У самого берега высятся огромные двухсаженные ворота, а вокруг них на цепи плавает дом. В окнах колыхаются розовые занавески, а к коньку крепко-накрепко прибит скворечник, и на ветке скворец перышки чистит. Почистил и принялся горлышко пробовать, только за шумом реки не слышно птичьей песни. Но у скворца и здесь такая же песня, как и на Волге.
- Двадцать второе мая сегодня, а здесь солнце чуток к земле притронулось. Трава-то ползет, вон как хлещет, а дерево голое.
- Сибирь! - отвечают ему. - Вон погоди, в Заполярье снег еще сугробится, по оврагам затаился, гад, до самой осени. Там, ребята, иногда в июле снег валит прямо на цветики-цветочки, мороза нет, а снег шпарит - околеть запросто можно…
А Тура ширится, топит берега, изгибается в широкие дуги, почти в кольцо и, прорывая его, оставляет тихую гладкую старицу. На корме парохода задумчиво жуют жвачку два быка и пестрая пугливая коровенка, рядом в клетке сонно похрюкивает свинья, а в ящиках вскрикивают куры, гоготнул гусь, взбрехнула собачонка. Ноев ковчег наш пароход, трудяга.
Выбравшись из тесной клетки и набившись в люксовую каюту, среди протертых ковров и зеркал, тринадцать разинутых ртов и почти три десятка ушей жадно вслушивались в Баскова, а тот, не иссякая, разворачивал одну за другой свои сибириады-шехерезады. И каждая басня была диковиннее другой. Ермака он называл запросто - "Василь Тимофеич", "Аленин", князя Меншикова - Данилычем, Сурикова - Василием, а своего начальника - Яковом Семенычем.
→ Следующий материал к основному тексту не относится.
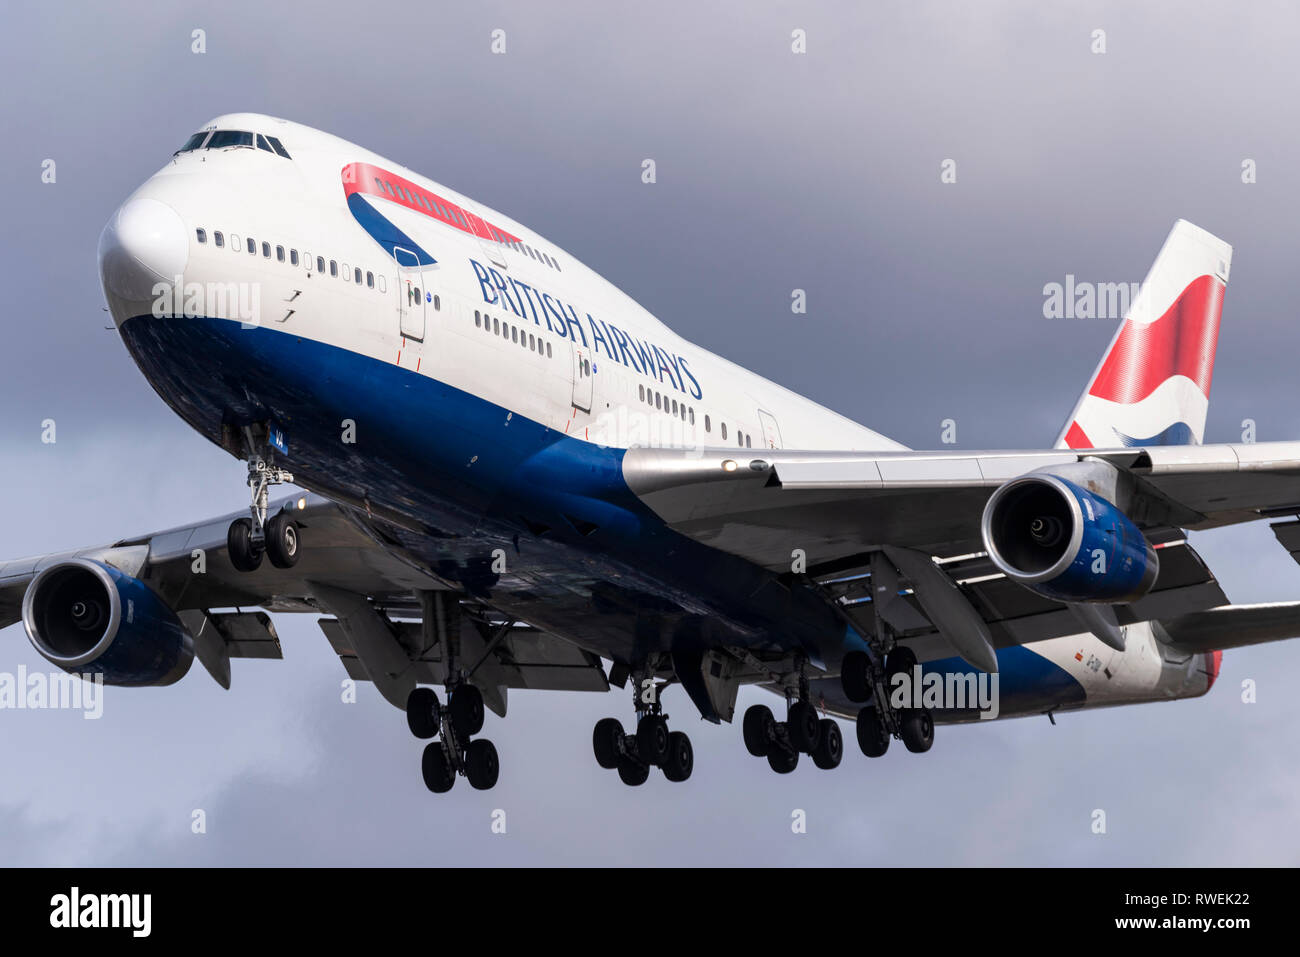 British Airways Boeing 747 Jumbo Jet aereo di linea G-CIVA atterrando all'aeroporto di Londra Heathrow, Regno Unito Foto Stock

Все у него затейливо перепуталось, когда он начинал рыбацкую быль о литом из серебра осетре, что вырвался у него из рук на Чемашевском песке и кончал нельмой, нельмушкой, которую мы никогда не видели. Медведи здесь бродят гурьбой, просто толпами, а среди них не только медведи-скотники, медведи-стервятники, а встречаются и каннибалы. У нас мурашки по спине, но Басков успокаивает, что волки летом в тайге не обретаются, они уходят за оленьими стадами - каслают, так сказать, совместно.
- Что значит кас-ла-ют? - спрашиваем начальника.
- Как пасут овец? - в упор спросил Басков.
- Да, как? Собьют в отару и перегоняют с места на место, от ручья к колодцу… - ответил Витька.
- Во-о, коче-во-е оленеводство! - начальник довольно рассмеялся, словно он сам оленевод, словно сам великий кочевник. - Олень - не овца, ясно. Ему пространства необходимы, тундра. Вот оленеводы и кочуют - каслают со стадами.
Мы чувствуем: Басков хочет одного - чтобы мы впустили в себя Сибирь, поселили ее в себе и сжились с ней, переплетая свои корни с ее корнями.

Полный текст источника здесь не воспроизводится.